== INFORMATION PROVIDED
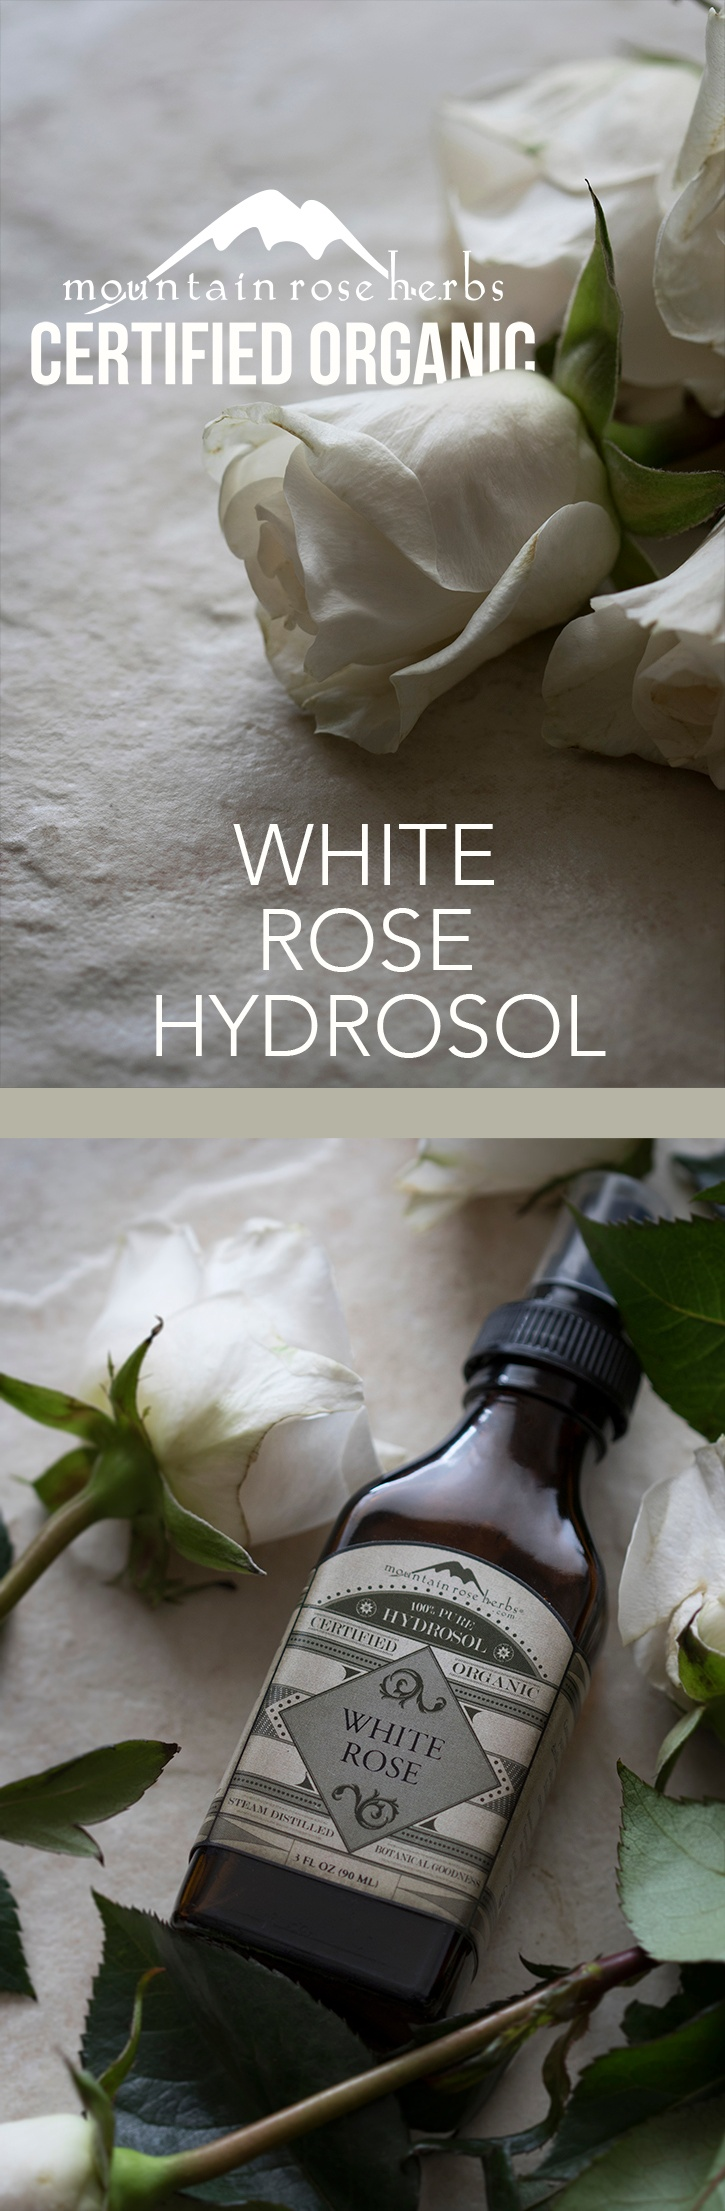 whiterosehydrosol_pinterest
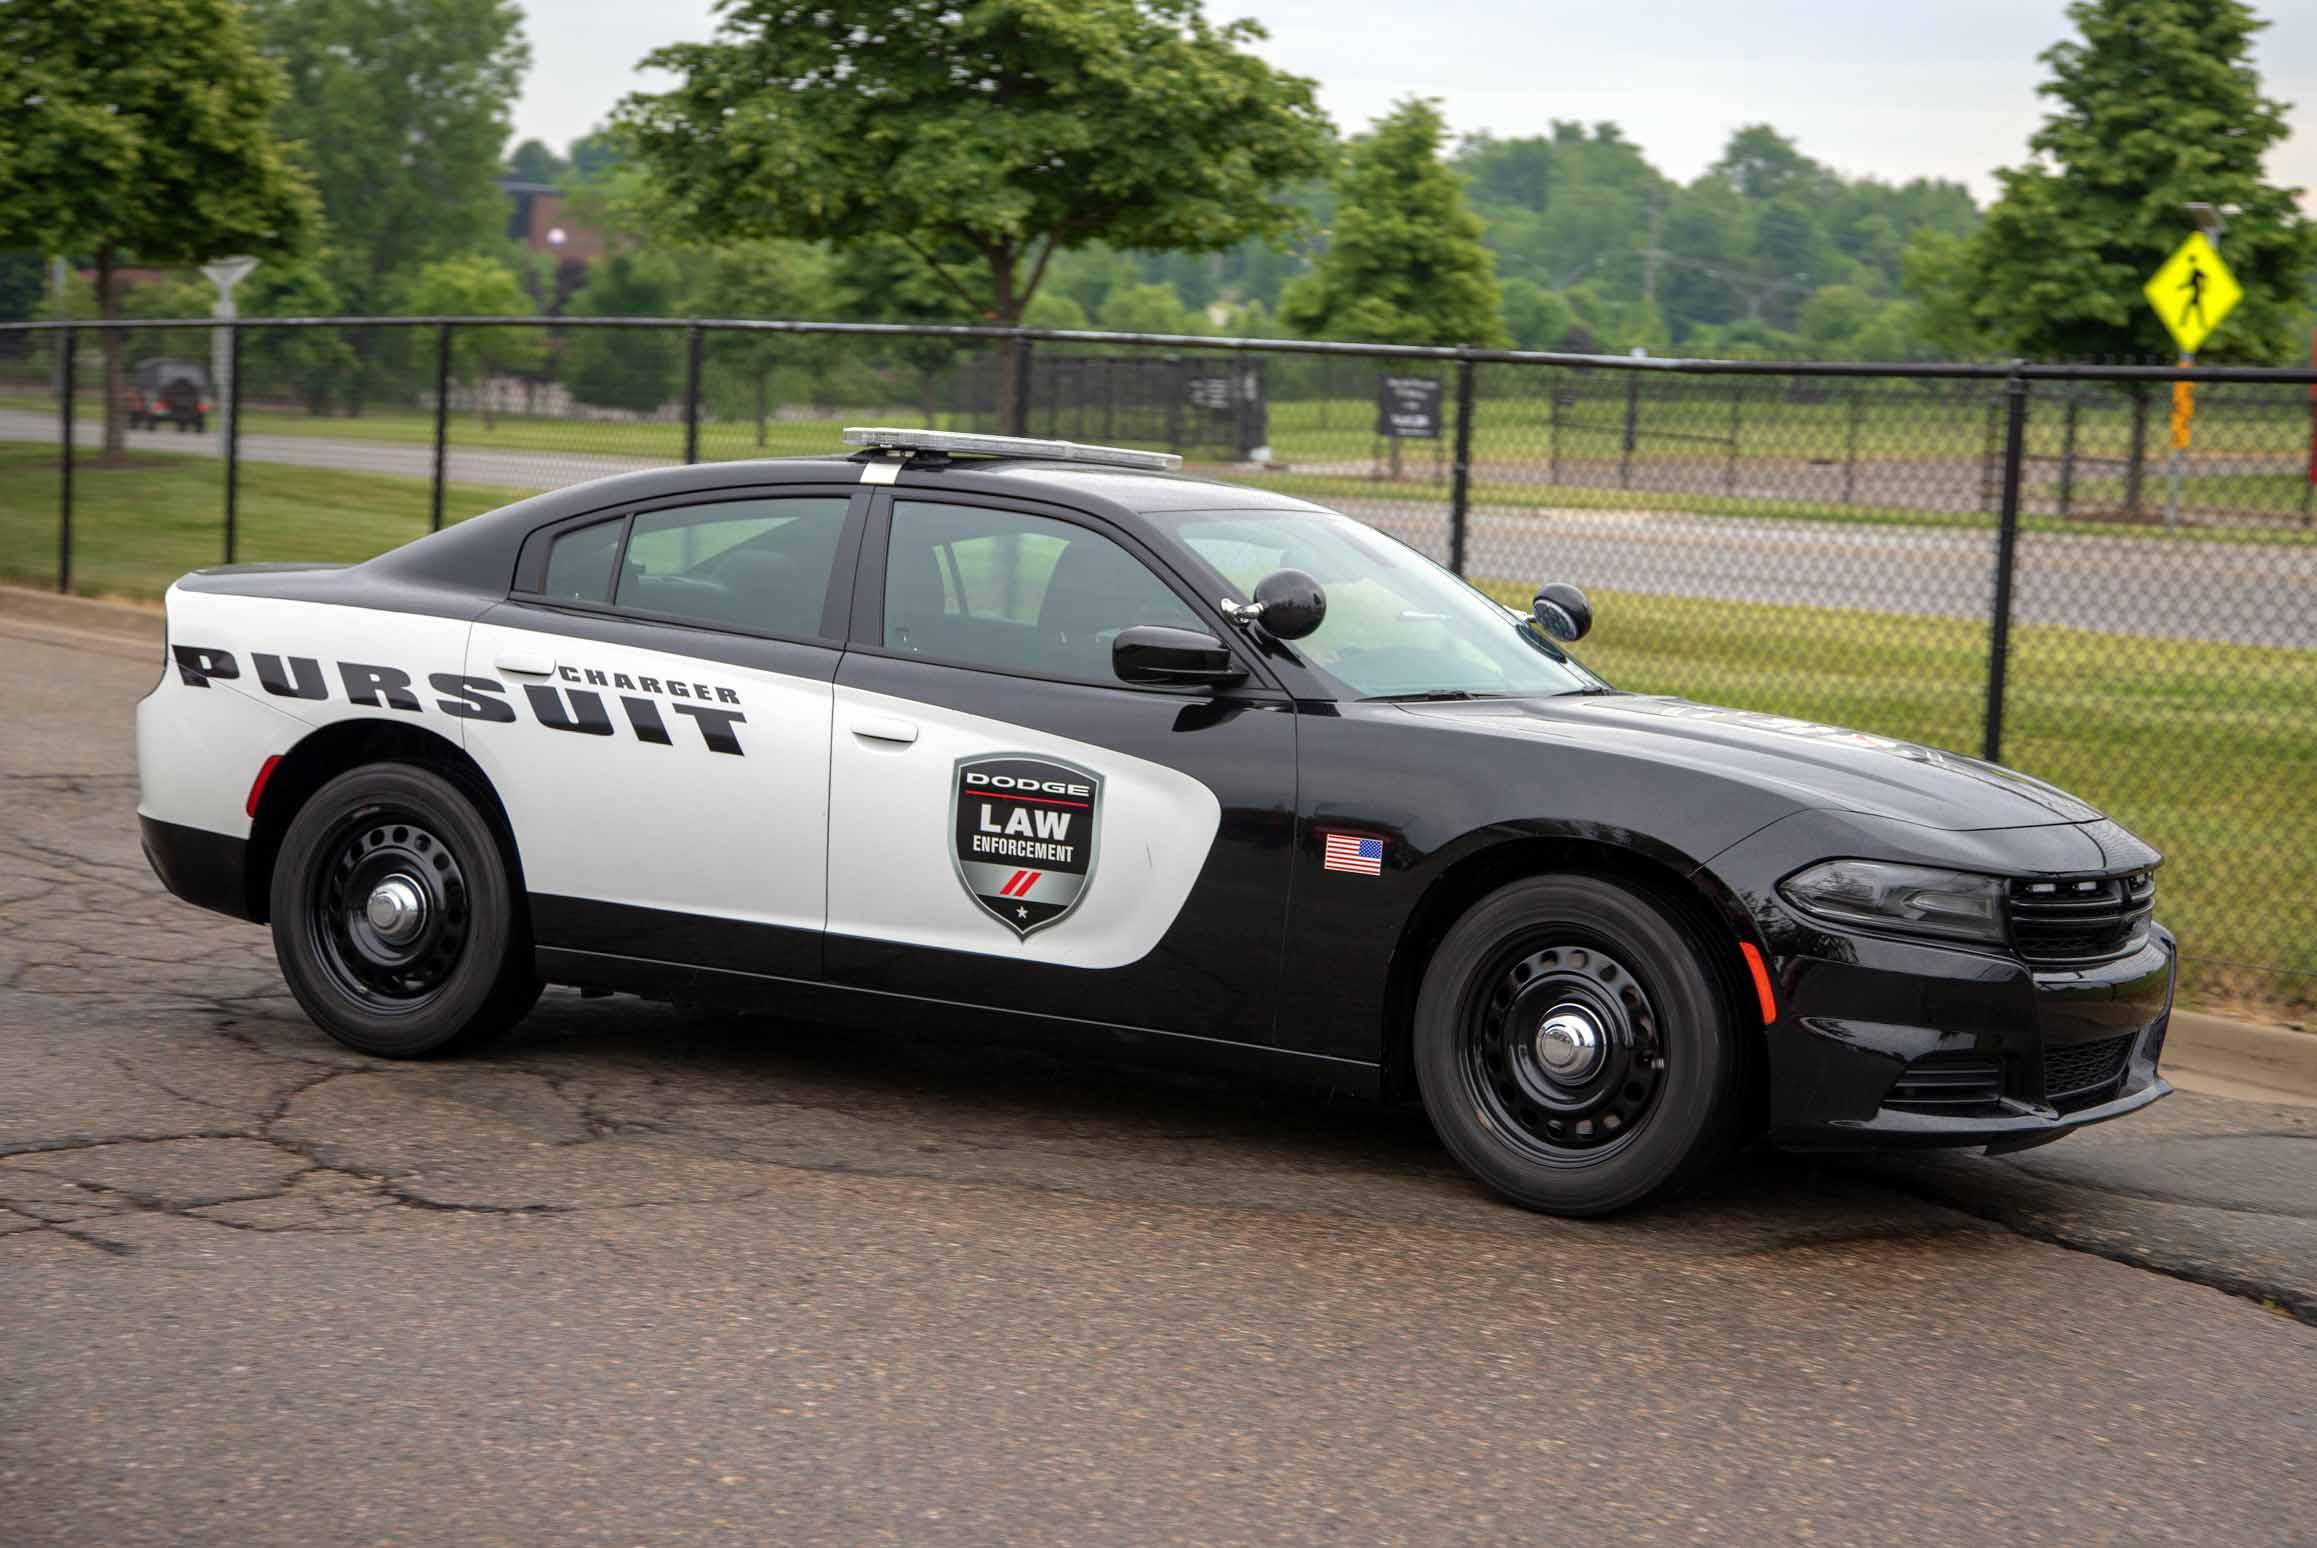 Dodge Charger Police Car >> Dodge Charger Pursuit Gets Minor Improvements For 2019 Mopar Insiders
====
== INFORMATION PROVIDED
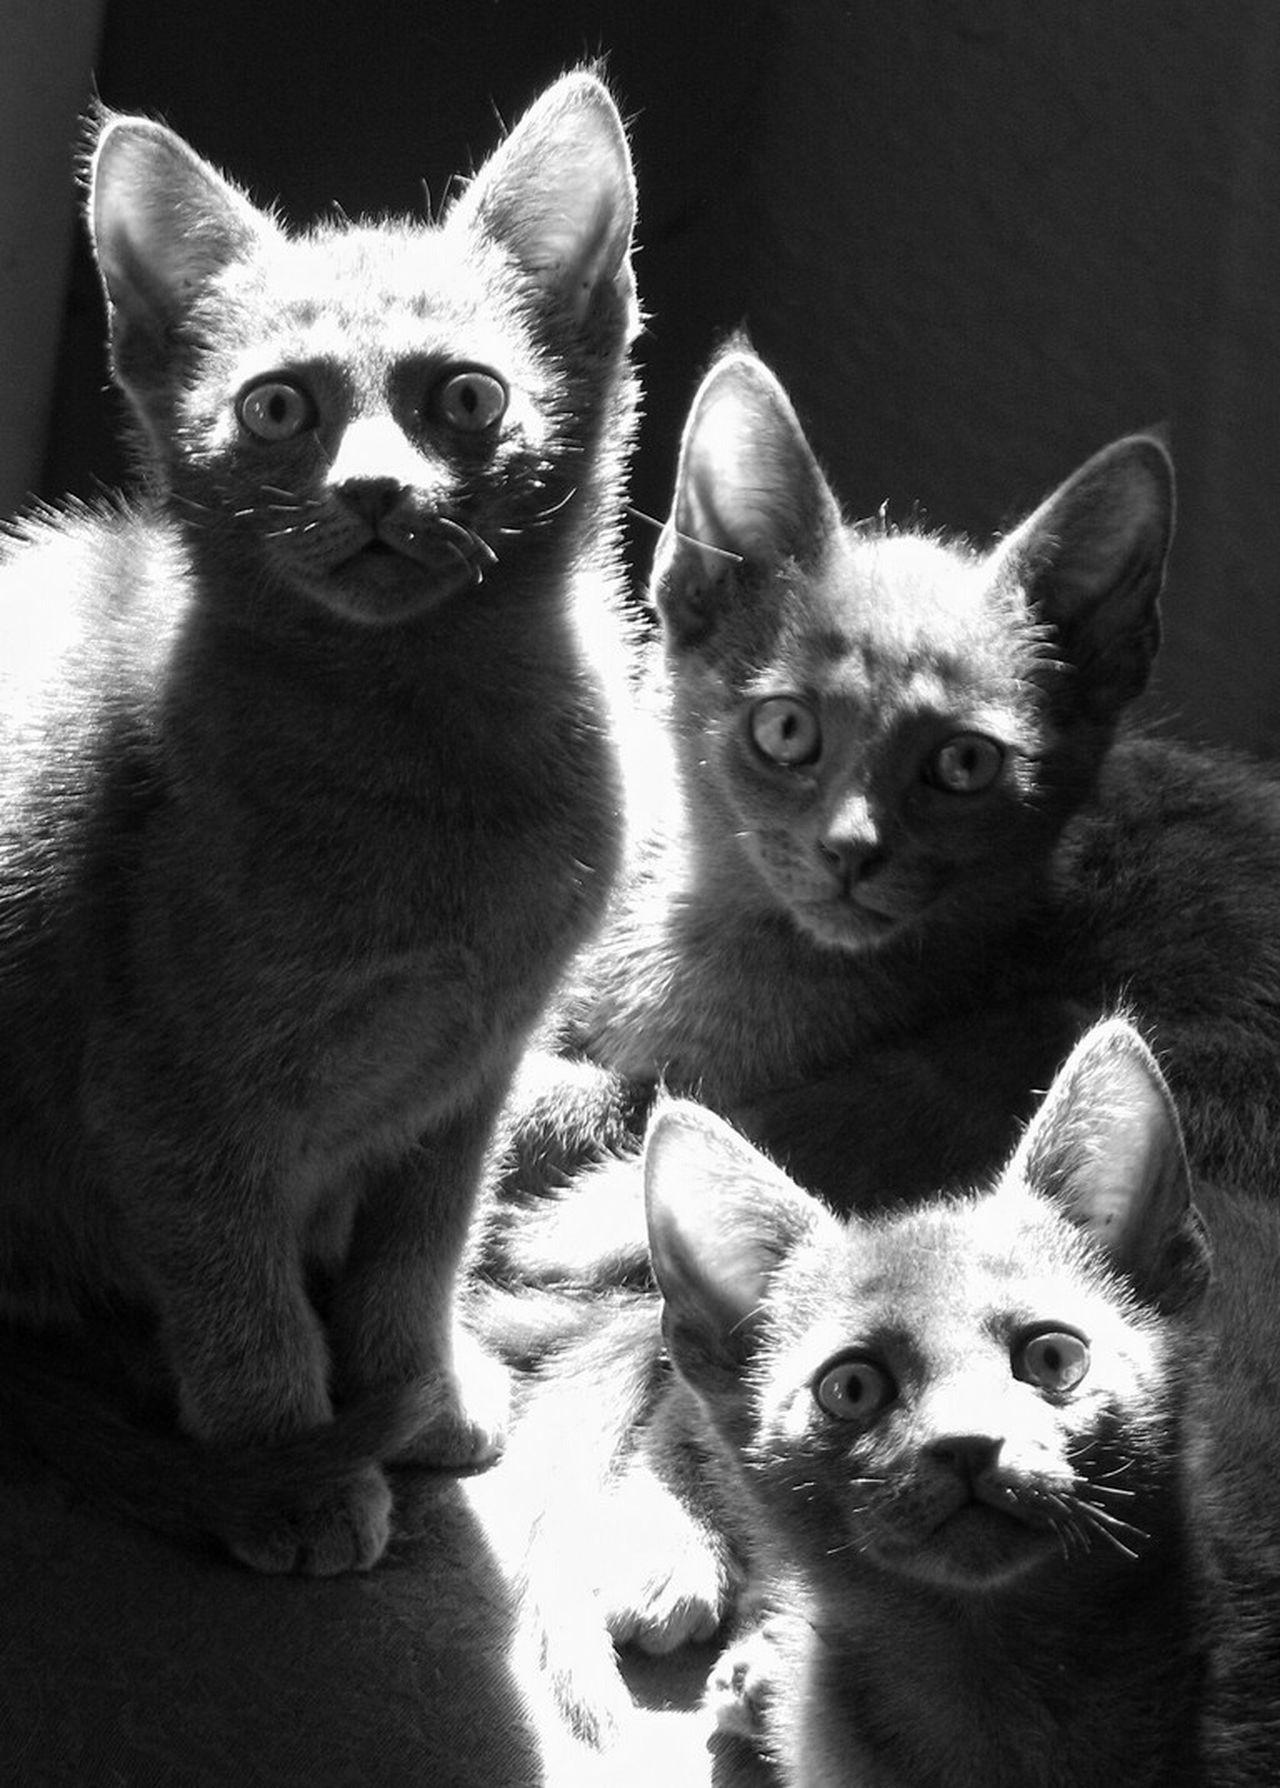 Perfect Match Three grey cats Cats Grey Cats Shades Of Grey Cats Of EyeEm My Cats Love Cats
====
REQUIRED ACTION: Using the material above, transcribe exactly the lines from the one holding "whiterosehydrosol_pinterest" to the one holding "Dodge Charger Police", both ends kept. Do not carry over any pictures.

PROBLEM SOLUTION:
 whiterosehydrosol_pinterest
 Dodge Charger Police Car >> Dodge Charger Pursuit Gets Minor Improvements For 2019 Mopar Insiders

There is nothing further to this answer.